La Tunisie est régulièrement déstabilisée depuis la révolution par l’essor d’une mouvance jihadiste
La Tunisie était dans l'attente mercredi de la réponse des islamistes au pouvoir après la mobilisation massive dans la rue de leurs détracteurs et la suspension de la Constituante, qui ont encore approfondi la crise déclenchée par l'assassinat d'un opposant.
Le parti islamiste Ennahda, la présidence et le gouvernement d'Ali Larayedh n'avaient pas réagi mercredi dans la matinée à ce double coup de théâtre de la veille.
Ennahda, arguant de sa légitimité issue de l'élection de la Constituante en octobre 2011, a exclu depuis le début toute démission du cabinet ou dissolution de l'Assemblée nationale constituante, réclamés par les opposants.
Les islamistes ont proposé en retour une coalition élargie, un scrutin le 17 décembre, et évoqué un vague projet de référendum de sortie de crise, projet difficile à mettre en place en l'absence de Constitution et de loi électorale, deux ans et demi après la révolution.
Dans la nuit de mardi à mercredi, l'opposition, soutenue par le puissant syndicat UGTT, a tenu son plus grand rassemblement depuis le début de la crise, le 25 juillet, avec la mort par balles du député Mohamed Brahmi. Cette manifestation marquait aussi les six mois de l'assassinat de l'opposant Chokri Belaïd, deux crimes attribués à la mouvance jihadiste.
Les dizaines de milliers de Tunisiens rassemblés devant l'ANC répondaient au rassemblement massif organisé par les islamistes samedi.
Et les détracteurs du régime, qui organisent chaque nuit des rassemblements depuis la mort de Brahmi, ont prévu de maintenir la pression malgré les quatre jours chômés qui débutent jeudi pour célébrer la fin du mois de jeûne du ramadan.
Gel de la Constituante
Le président de l'ANC, Mustapha Ben Jaafar, un allié laïc des islamistes, attendait aussi la réponse de ses partenaires après sa décision surprise de geler les travaux de la Constituante, tandis que l'hétéroclite coalition d'opposition, qui va de l'extrême gauche au centre-droit, a jugé cet initiative "positive" mais "insuffisante".
M. Ben Jaafar en a appelé à l'UGTT, forte d'un demi-million de membres capables de paralyser le pays, de jouer "son rôle historique" et de "réunir autour de la table du dialogue tous les partis". Le syndicat a adopté une position médiane, réclamant le départ du gouvernement mais s'opposant à la dissolution de l'ANC.
Pour des analystes, l'heure de vérité a sonné et Ennahda et ses détracteurs n'ont plus d'autre choix que de rapprocher leurs positions.
"La position de Mustapha Ben Jaafar a pris les dirigeants d'Ennahda par surprise, ils sont dans l'impasse et ne peuvent supplanter le président de l'ANC", relève le politologue Slaheddine Jourchi.
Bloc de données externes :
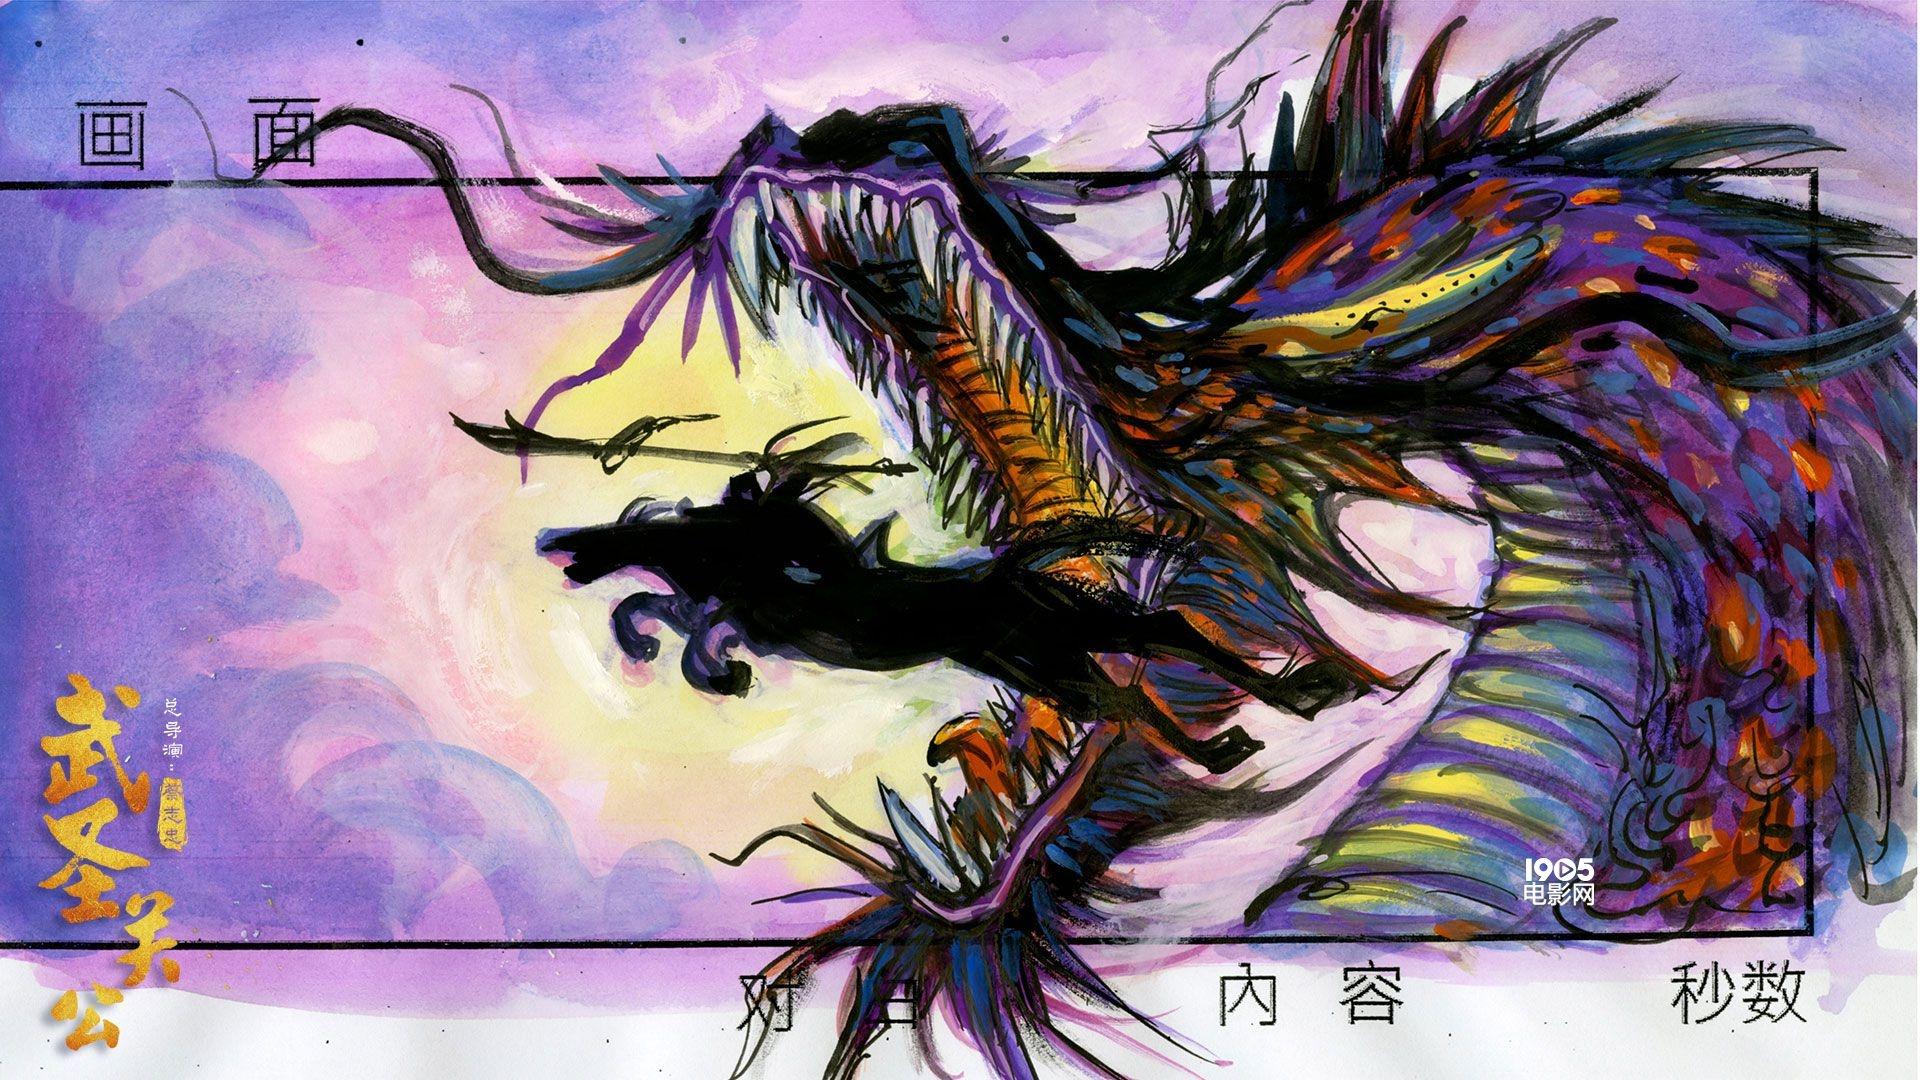 国漫《武圣关公》首发海报 今年暑假上映

Par ailleurs la position de l'UGTT, qui rejoint celle du patronat (Utica), va forcer chaque camp à négocier.
"Aucun parti, Ennahda compris, ne peut ignorer la position de l'UGTT qui est aussi celle de l'Utica. Ennahda ne peut pas continuer sans considérer que les forces (économiques et sociales) du pays ne sont pas d'accord avec lui", souligne M. Jourchi.
Des journaux tunisiens espéraient également que les deux camps se rendent à l'évidence et, face à la division du pays, acceptent de faire des concessions.
Le quotidien La Presse relève que la Tunisie "est dans une situation explosive" et implore la classe politique de "passer du bras de fer sur les places et dans les rues à un affrontement qui est celui des arguments".
Le Quotidien, plus critique à l'égard des islamistes, estime lui que "l'heure du compromis est arrivée (pour Ennahda) et ces concessions, arrivées au compte-gouttes, vont devoir prendre plus d'ampleur pour sauver le pays tant qu'il est encore temps".
La Tunisie est régulièrement déstabilisée depuis la révolution par l'essor d'une mouvance jihadiste, et l'opposition juge Ennahda responsable de la situation, les islamistes ayant longtemps hésité à combattre ces groupuscules.
L'armée a cependant lancé une vaste opération "aérienne et terrestre" contre un groupe qui serait lié à Al-Qaïda au Mont Chaambi (à la frontière algérienne) et responsable de la mort de dix soldats depuis le 29 juillet.
La police a de son côté multiplié les opérations "antiterroristes" depuis la semaine dernière tuant dans des incidents séparés deux hommes et en arrêtant une dizaine d'autres. Ceux-ci ont été accusés de préparer des attentats et des assassinats politiques.